Но он совладал с собой, улыбнулся, глянул на Морту и сплющился, словно вынули у него кишки. Жизнь-награда отчалила от пристани, ангел нагадил на плече и выпорхнул в окно, и снова в корчме, как и на всей земле, хозяйничала жизнь-кара, неприметная, мутная, как рассол, и вся в разрывах, как макитра.
— Куда ж оно девалось? — выплыло из сумрака сознания ружье и обволокло Ешуа тревогой. — Неужели Семен?
— Я пойду, хозяин, — сказала Морта. — Огурцы помою. — И показала на сложенную на столе горку.
— Просил он у тебя ружье? — наседал на нее корчмарь. — Если вы не меня «пиф-паф», то кого?.. Кого?
— Никого.
— Так я тебе и поверил!
— Никого!.. — выкрикнула Морта и, оставив на столе горку огурцов, выбежала из корчмы.
Ешуа остался один.
С минуту он стоял неподвижно, как на похоронах, когда каждое движение причиняет боль, стоял, засунув в карманы жилета руки, тяжелые, как бы подкованные местечковым кузнецом — от греха он их, что ли, прятал? — и печаль безмерная, обескураживающая печаль морщила его чело и душу. Ну зачем он выгнал всех из корчмы? Всю жизнь не бунтовал и вдруг взбунтовался! Против кого? Против жалкого задрипанного мужичишки! Какой прок бунтовать против слабого?.. Как не хватало сейчас Ешуа для успокоения души их скабрезных шуток, и пакостного рокота, их косноязычного и удалого пения, когда они нестройно выводят про какую-нибудь рябину, или батюшку-Неман, или про дорогу и ямщика.

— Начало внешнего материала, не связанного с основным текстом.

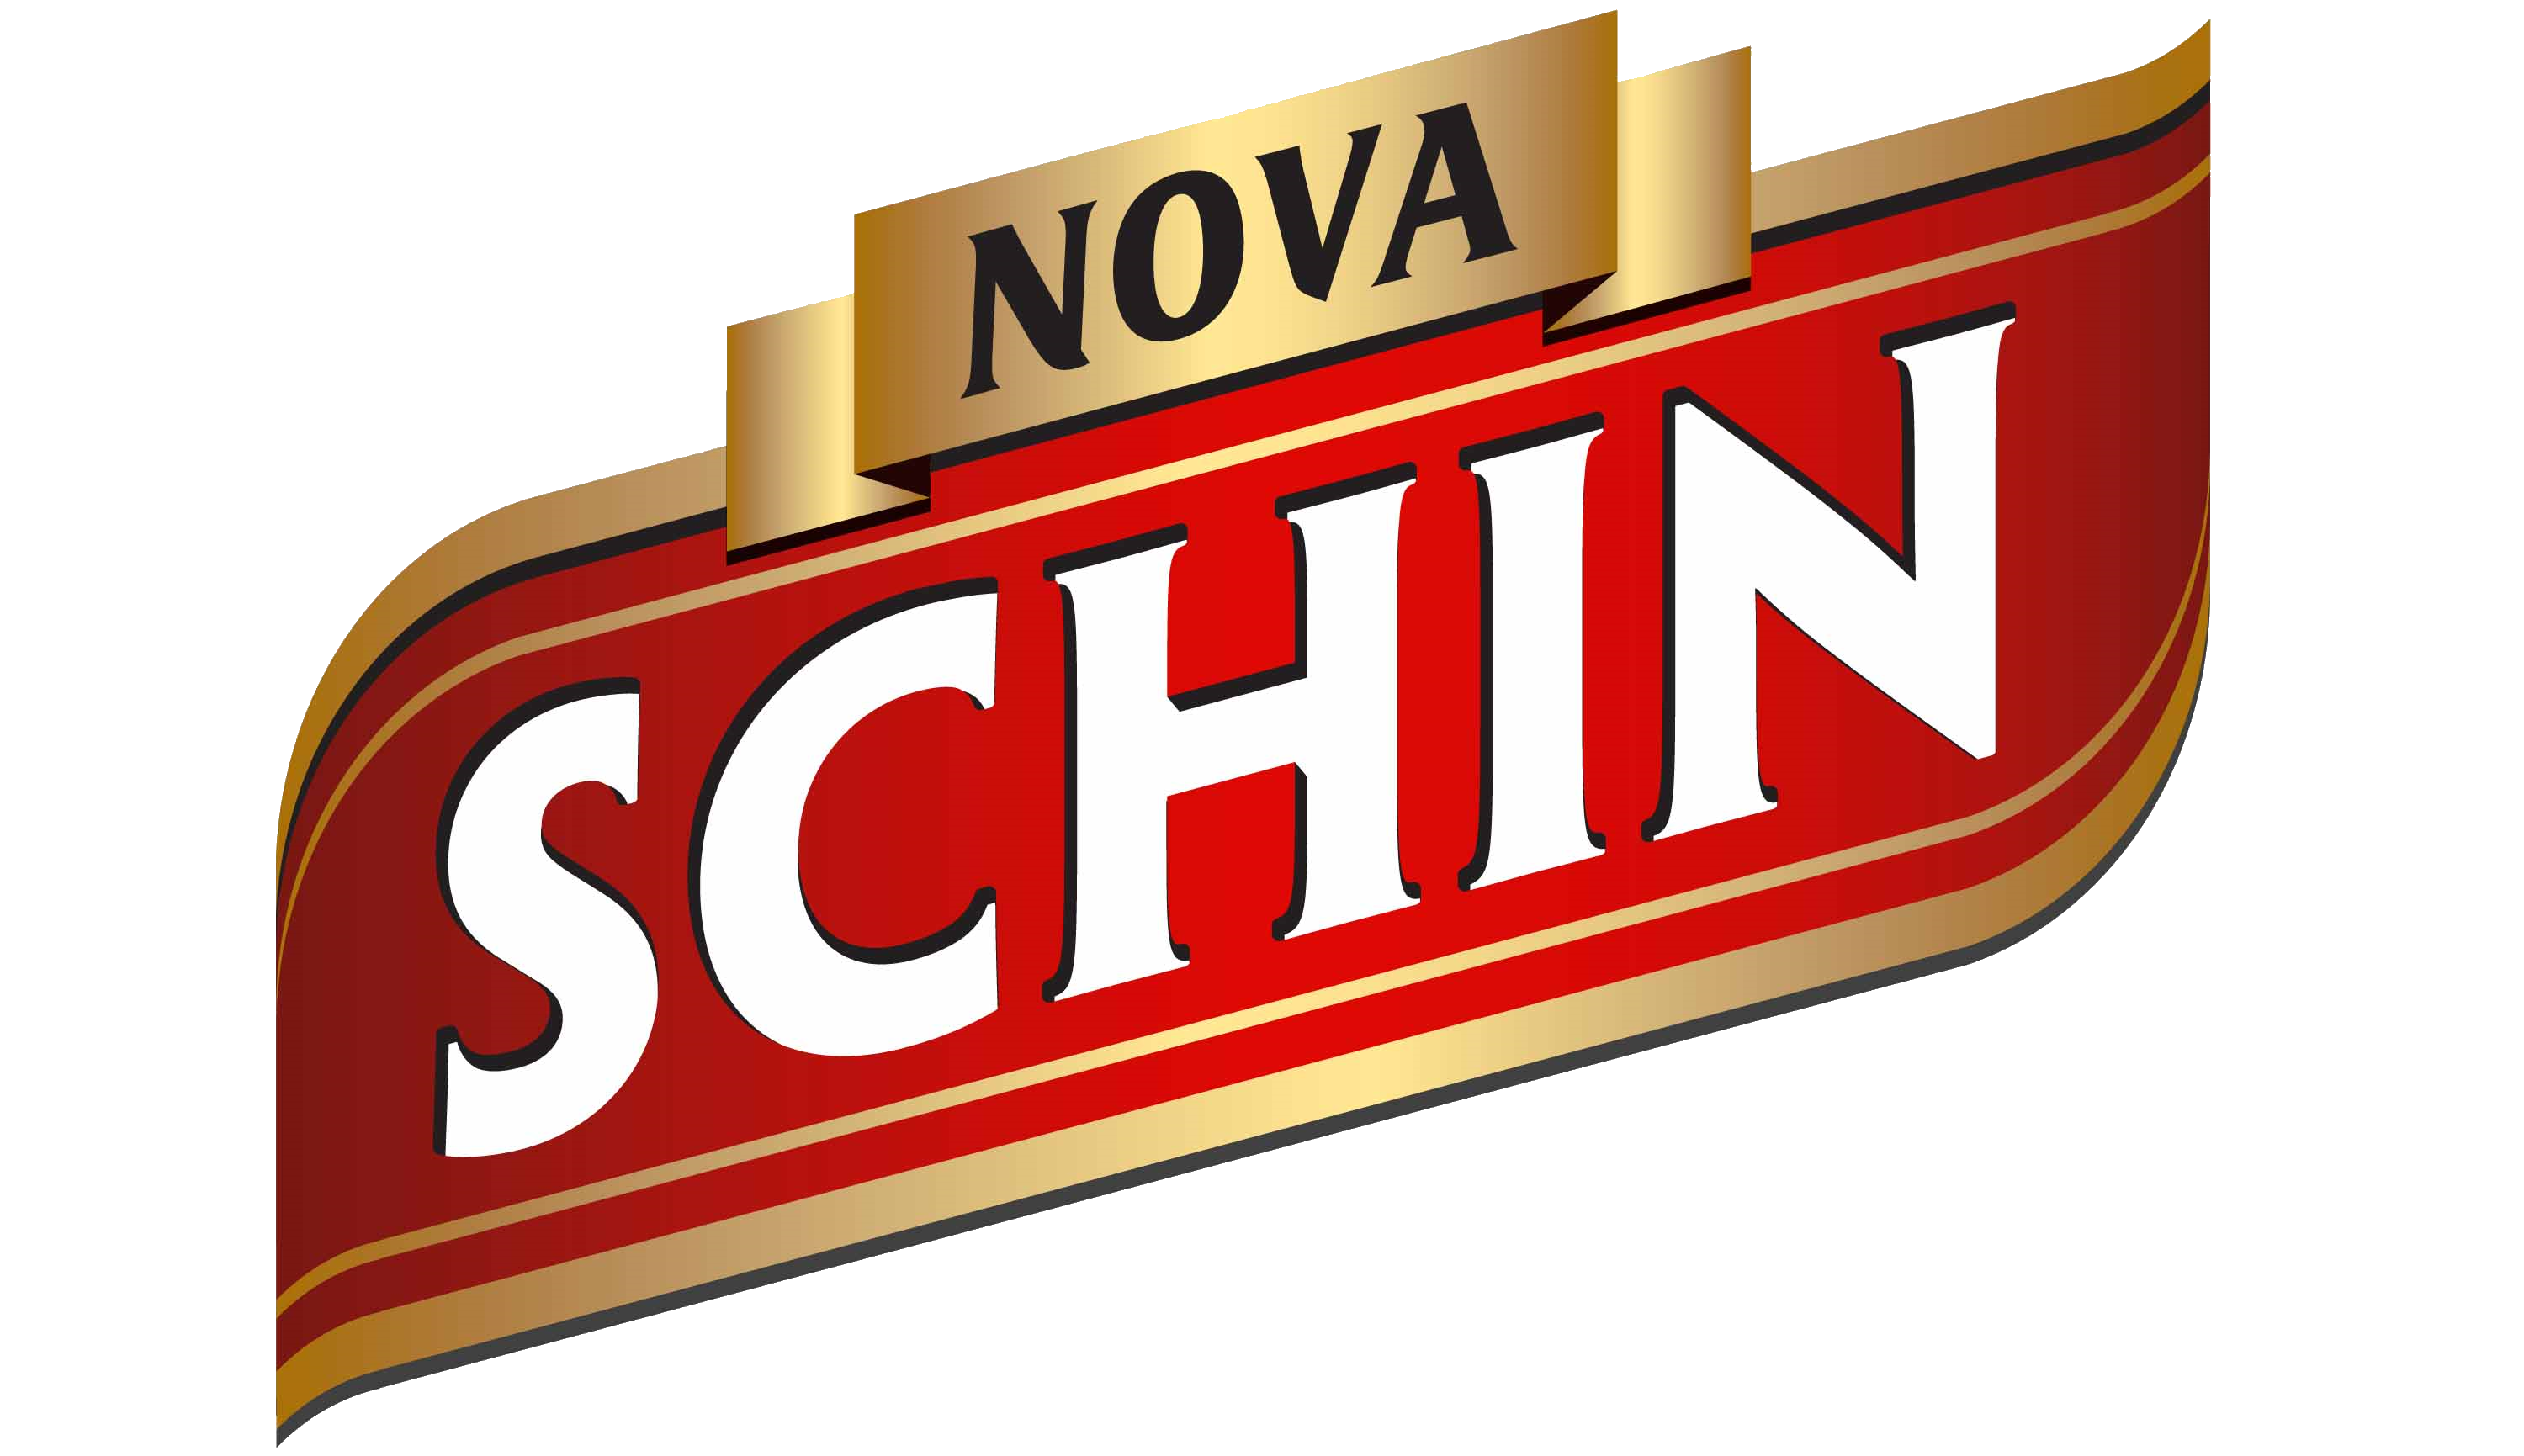 nova schin logo, logotipo nova schin.
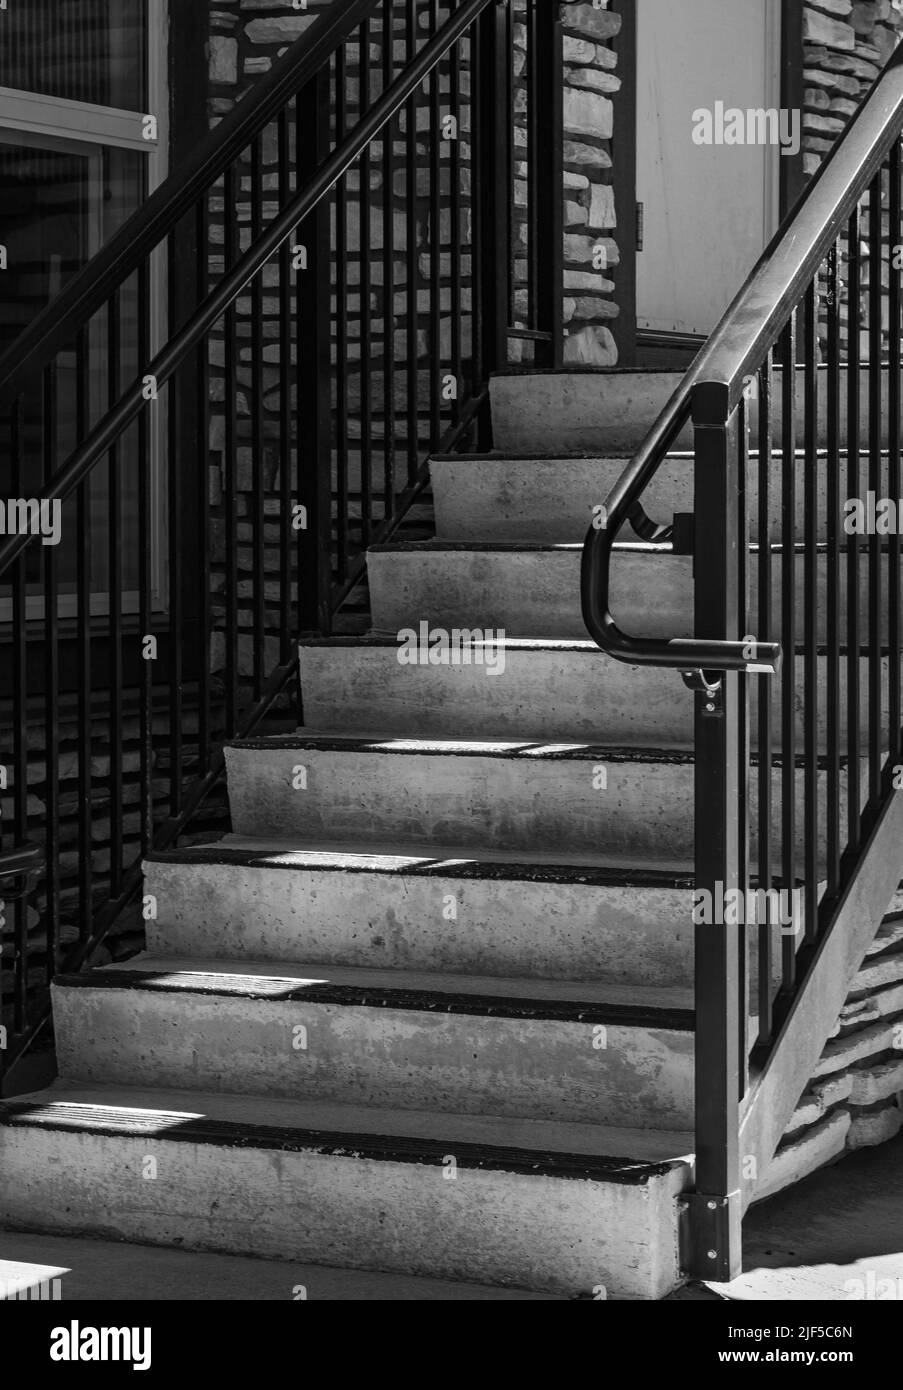 Escalier et lumière du soleil. Entrée du bâtiment. Éléments rambarde d'une maison. Marchepied avec main courante en acier. Personne, photo de rue, photo abstraite Banque D'Images

Бог создал всех трезвыми, но жить бок о бок надо не с ними, а с пьяными; каждый от чего-нибудь пьян: кто от водки, кто от корысти, кто от ненависти или гордыни.
Как посмотришь вокруг, как оглянешься — несть числа пьяным от смирения, их больше всех. Их тысячи тысяч… их миллионы… Он, Ешуа, — один из них, но, видит бог, не жалеет… даже радуется… Кто пьян от смирения, тот не прогадает, того от веры не отлучат, на каторгу не упекут… такой всегда добудет свой кусок хлеба… пусть в поте лица… пусть с ломотой в спине… Пей смирение с утра до вечера и детям наливай… и внукам… с колыбели… с пеленок… всасывай с молоком матери молоко смирения…
Если жизнь Ешуа не стала до сих пор наградой, то только потому, что он нет-нет да примешивал к смирению ненависть и бунтарство.
Разве не наливал он смирение Семену?
Наливал! Наливал!.. Полными кружками! Каждый божий день! По три раза, как лекарство.
Но Семен тайком выливал его под люльку, под кровать, под стол и вливал в кружку гордыню!..
А от гордыни не должно пьянеть, как не должно пьянеть от ненависти. Гордыня и ненависть — родные сестры, и жених у них один — зло.